Patients with complex cyanotic congenital heart disease have arterial oxygen de-saturation resulting from the shunting of systemic venous blood to the arterial circulation, or from cardiac anatomy, which mandates mixing of systemic and pulmonary venous return. The shunting in the circulatory system can occur at the level of the atrium (ASD), the ventricle (VSD), or the great vessels (PDA or aortopulmonary window).

The angiocardiographic, clinical and surgical findings in a complex cyanotic child with dextrocardia, L-loop, laterally inverted but otherwise normally related great arteries and situs ambiguus are described and compared with other similar cases. Complex cyanotic congenital heart disease is the mal formation of the heart, usually of the large blood vessel. The word congenital stand for a situation present at birth; so congenital heart disease means a heart's defect already present at the onset of birth. Since this kind of heart disorder is already present the moment a human life is born, the condition is most prevalent, if not exclusive, among new born babies. Defects affecting the child heart are actually the most ordinary birth defects, causing most of the inborn abnormality-related premature death cases. Just like most defects affecting the infant heart, inborn heart disorder is an abnormality to the flow of the blood. It may be in the form of obstruction or incorrect flow pattern.

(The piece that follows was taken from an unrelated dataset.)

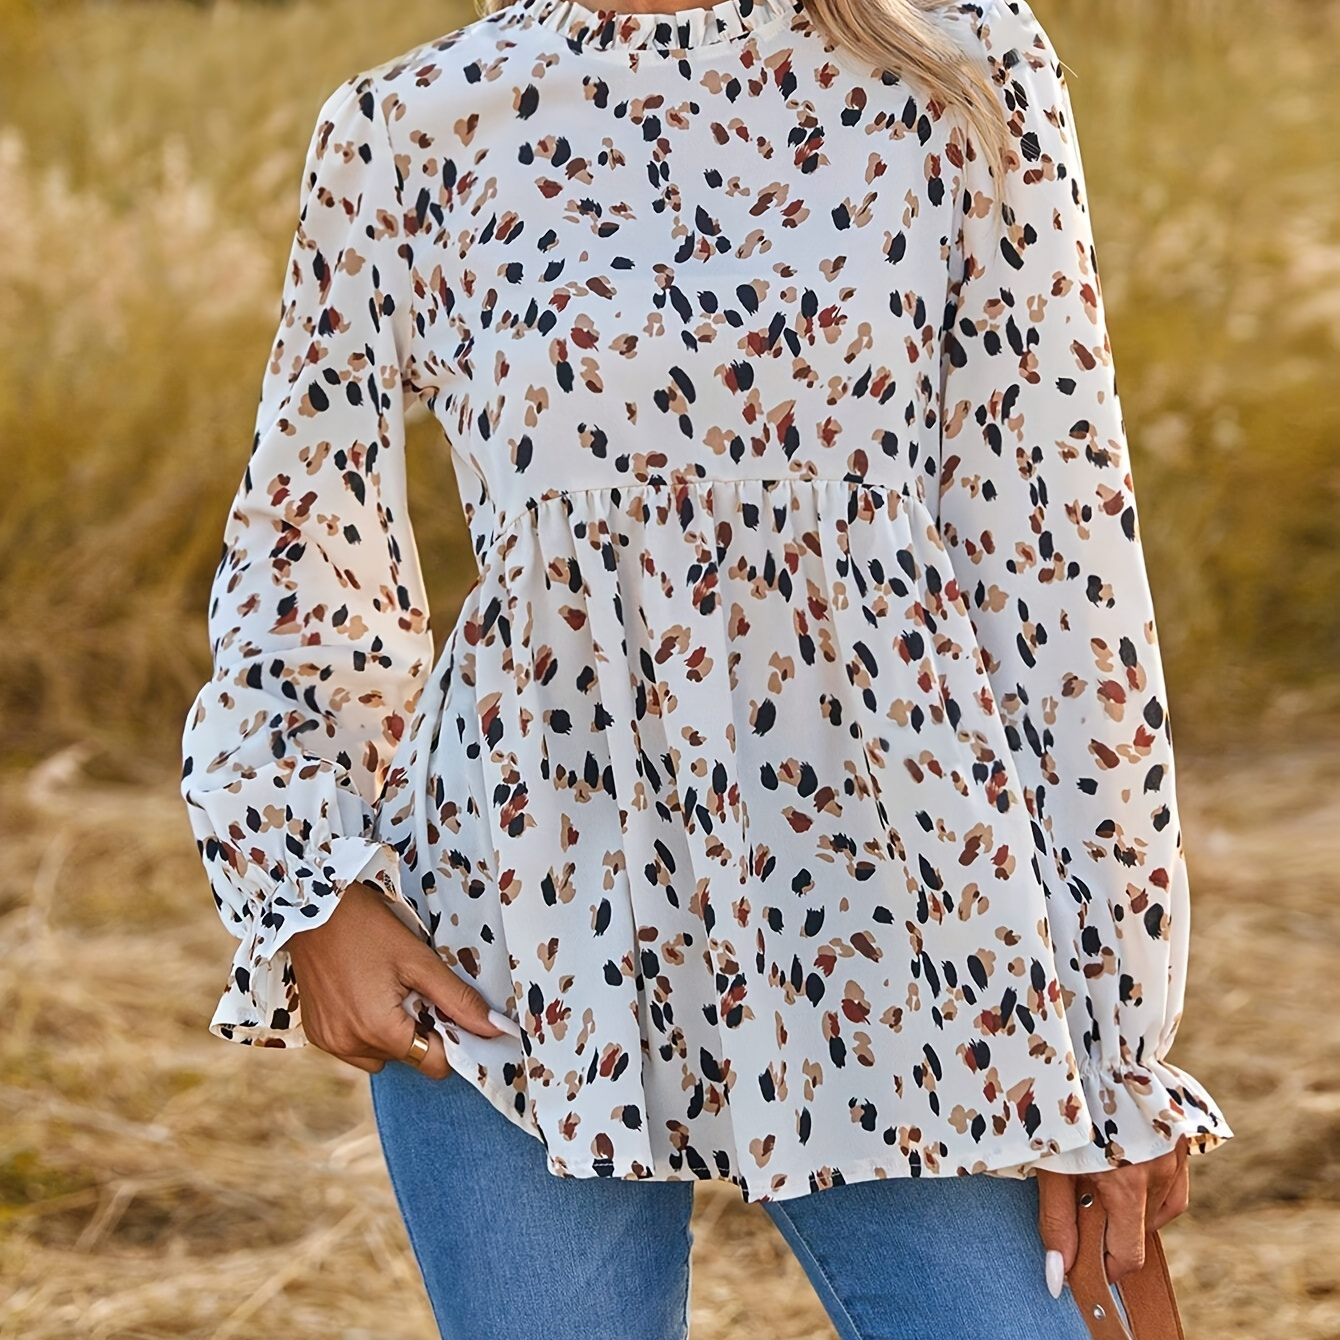 

Leopard Print Ruffle Crew Neck Flare Blouse, Casual Long Bell Sleeve Top For Spring & Fall, Women's Clothing

Of all possible congenital abnormalities, inborn heart defect accounts for eight in every 1,000 cases, close to 1% of newborn babies. A major factor of this disorder being congenital is genetic predisposition. Genetic influence accounts for the 5 percent of all children with inborn heart defects. Genetic congenital diseases such as Apert syndrome, Conradi syndrome, Crouzon syndrome, Carpenter syndrome, Cornelia de Lange syndrome, and cutis laxa are identified by medical research and studies to increase the risk of having inborn heart defects. Disorders in the chromosomes also significantly contribute as high risk factors of complex cyanotic congenital heart defects. This factor is said to account for the 3% of infants with congenital heart defects. Down's syndrome is a chromosomal disorder leading to congenital heart defects. Roughly almost half of children having Down's syndrome also suffer from inborn heart disorders. Patau syndrome and Edwards's syndrome are also type of chromosomal defects known to be high risks factors of congenital complex heart disorders. Turner syndrome is a disorder in the sex chromosome places 40 percent risk rate of congenital heart defects.

Although it is lower risk level than the other disorders, environmental components are also contributory to risks of inborn heart defects. German measles and acute alcoholism of pregnant women can lead to their babies being born with heart defects. It may be a great wonder for most of the people why pre-birth detection cannot be done to diagnose congenital heart defects. This is so because the fetuses' blood circulation inside the mother's womb is different from how it is after birth. The point is that the difference of blood flow leads to bringing to light the inborn heart defects. Normally the congenital heart disorders are only detected once symptoms like shortness of breath, skin discoloration, fainting, dizziness, inferior appetite, and poor growth are observed.